発売当時から決して悪目立ちしていたわけではないバオッキーが、なぜ誰からも選ばれず最下位に転落してしまったのか。その決定的な要因と、その後に公式が展開した前代未聞の救済プロジェクト、そして「愛されネタ枠」として不動の地位を築いた現在に至るまでのストーリーを紐解きます。
📌 【この記事の重要ポイントまとめ】
- 要点1:2016年に開催された「ポケモン総選挙720」において、バオッキーは全720匹中「単独720位(最下位)」という衝撃的な結果を記録した。
- 要点2:最下位の主因は嫌われていたからではなく、イッシュ地方の強力な炎枠の存在やアニメ露出の差による「影の薄さ」と「ネタ票すら集まらない無風状態」にあった。
- 要点3:公式による異例の「応援キャンペーン」と限定配布をきっかけに、現在ではファンから親しまれる唯一無二の“愛されネタ枠”へと昇華している。
【ポケモン総選挙720】歴代最多投票で起きた波乱|ゲッコウガ1位とバオッキー720位
2016年、映画『ポケモン・ザ・ムービーXY&Z ボルケニオンと機巧のマギアナ』の公開を記念して実施された「ポケモン総選挙720」は、当時発見されていたボルケニオンまでの全国図鑑720匹すべてを対象とする前代未聞の公式人気投票でした。総投票数は50万票を超え、子供から大人まで巻き込んだ一大ムーブメントとなります。

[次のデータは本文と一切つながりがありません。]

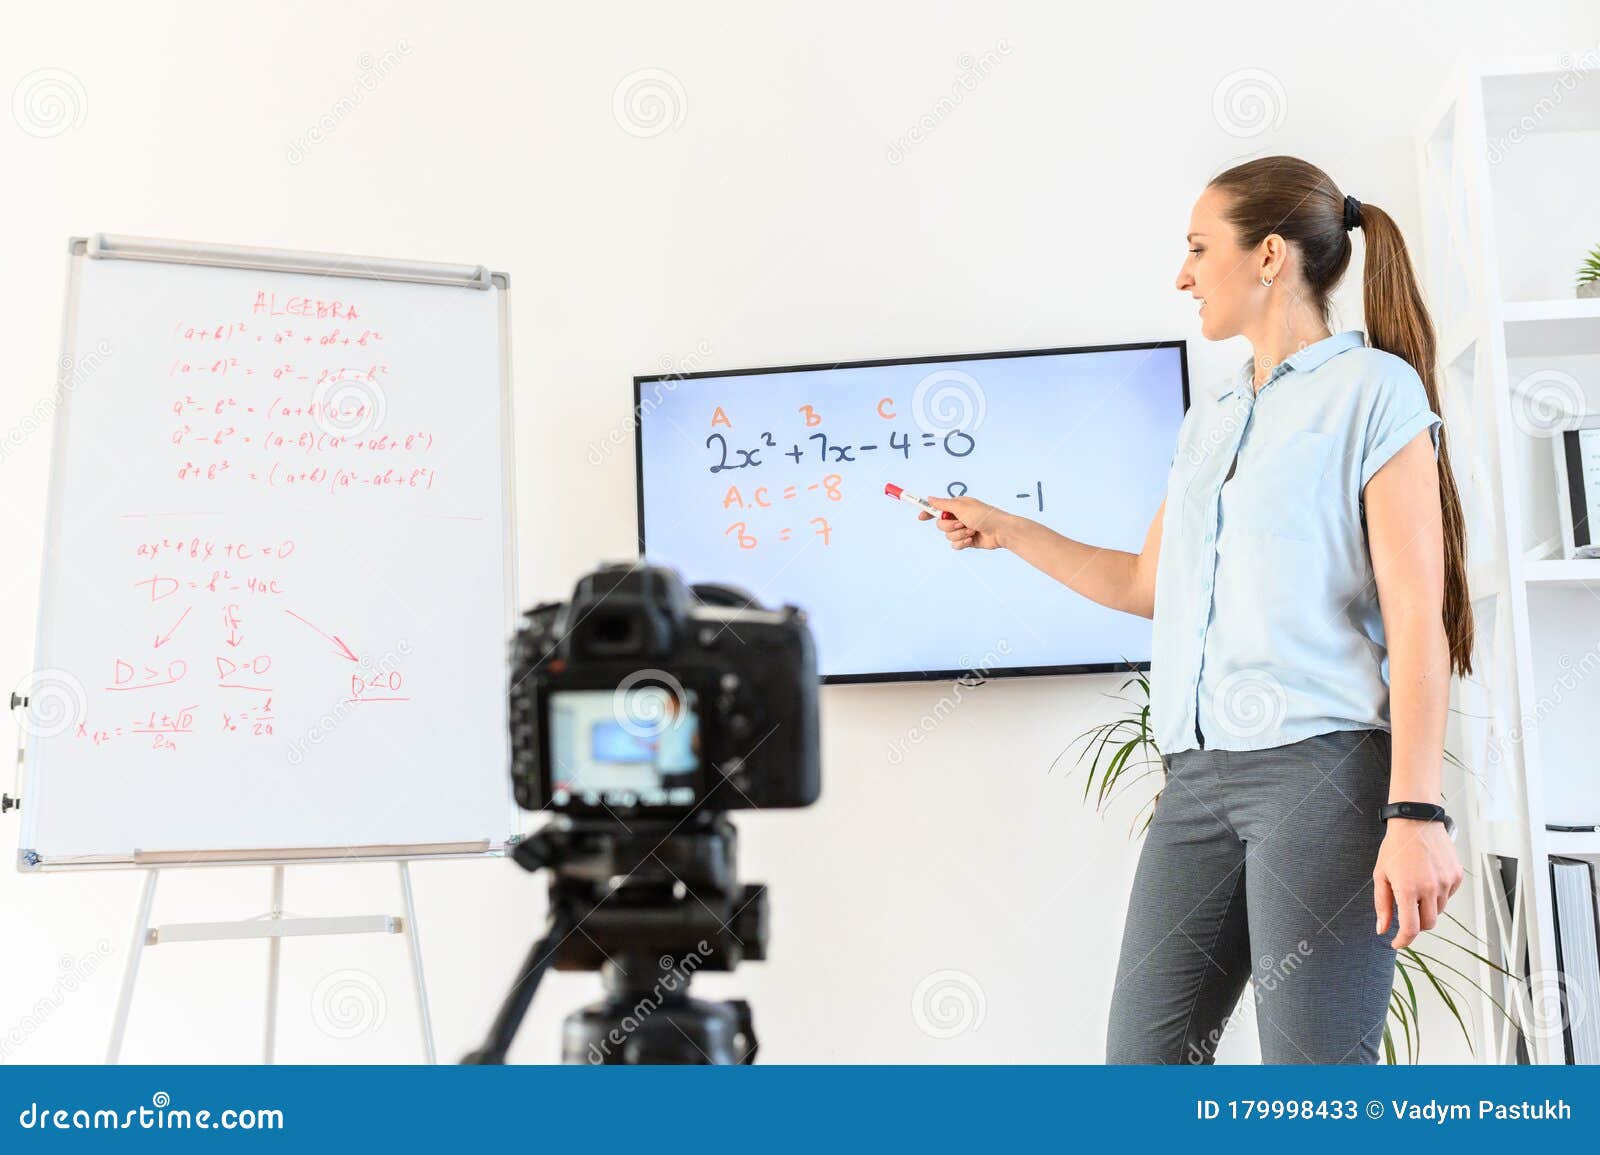 female teacher is recording classes on a camera, she stands near flip chart and screen with a marker in hand, camera in foreground

結果は、アニメ版での活躍も目覚ましかったゲッコウガが1位に輝き、映画館での特別なゲッコウガ配布が決定。2位にアルセウス、3位にミュウと伝説・幻のポケモンが上位を占める順当なランキングが形成されました。
その一方で、ランキング発表セレモニーで会場およびネット配信の空気を一変させたのが、最下位となる720位にランクインしたバオッキーでした。誰しもが「どのポケモンが最下位になるのか」を固唾をのんで見守るなか、画面に映し出されたバオッキーの少し間の抜けたポーズと表情は、瞬く間にSNS上を席巻することになります。
なぜバオッキーは最下位になったのか?決定的な3つの不人気理由を解剖
バオッキーが決して嫌悪されていたわけではないにもかかわらず、なぜ1票も集まらないかのような事態に陥ったのか。その背景には、ゲーム環境とメディア展開が複雑に絡み合った3つの決定的理由が存在します。
第1の要因は、初登場となった『ポケットモンスターブラック・ホワイト』(イッシュ地方)における炎タイプ層の厚さと役割の被りです。序盤で手に入るいわゆる「3猿」(ヤナップ・バオップ・ヒヤップ)の一角として旅の序盤を支えるポジションでしたが、同世代にはダルマッカ・ヒヒダルマ、シャンデラ、ウルガモスといった対戦・ストーリーの両面で圧倒的な強さと個性を放つ炎ポケモンが多数存在しました。クリア後や対戦環境において、あえてバオッキーを使い続ける動機が薄れてしまったのです。
第2の要因は、メディアミックスにおける露出度の格差です。くさタイプのヤナップはアニメ版で主要キャラクター・デントの相棒としてレギュラー出演し、高い知名度と愛着を獲得しました。みずタイプのヒヤッキーもジムリーダーの切り札として印象を残すなか、バオッキーはアニメやスピンオフでの見せ場に恵まれず、印象の薄さが際立つ結果となってしまいました。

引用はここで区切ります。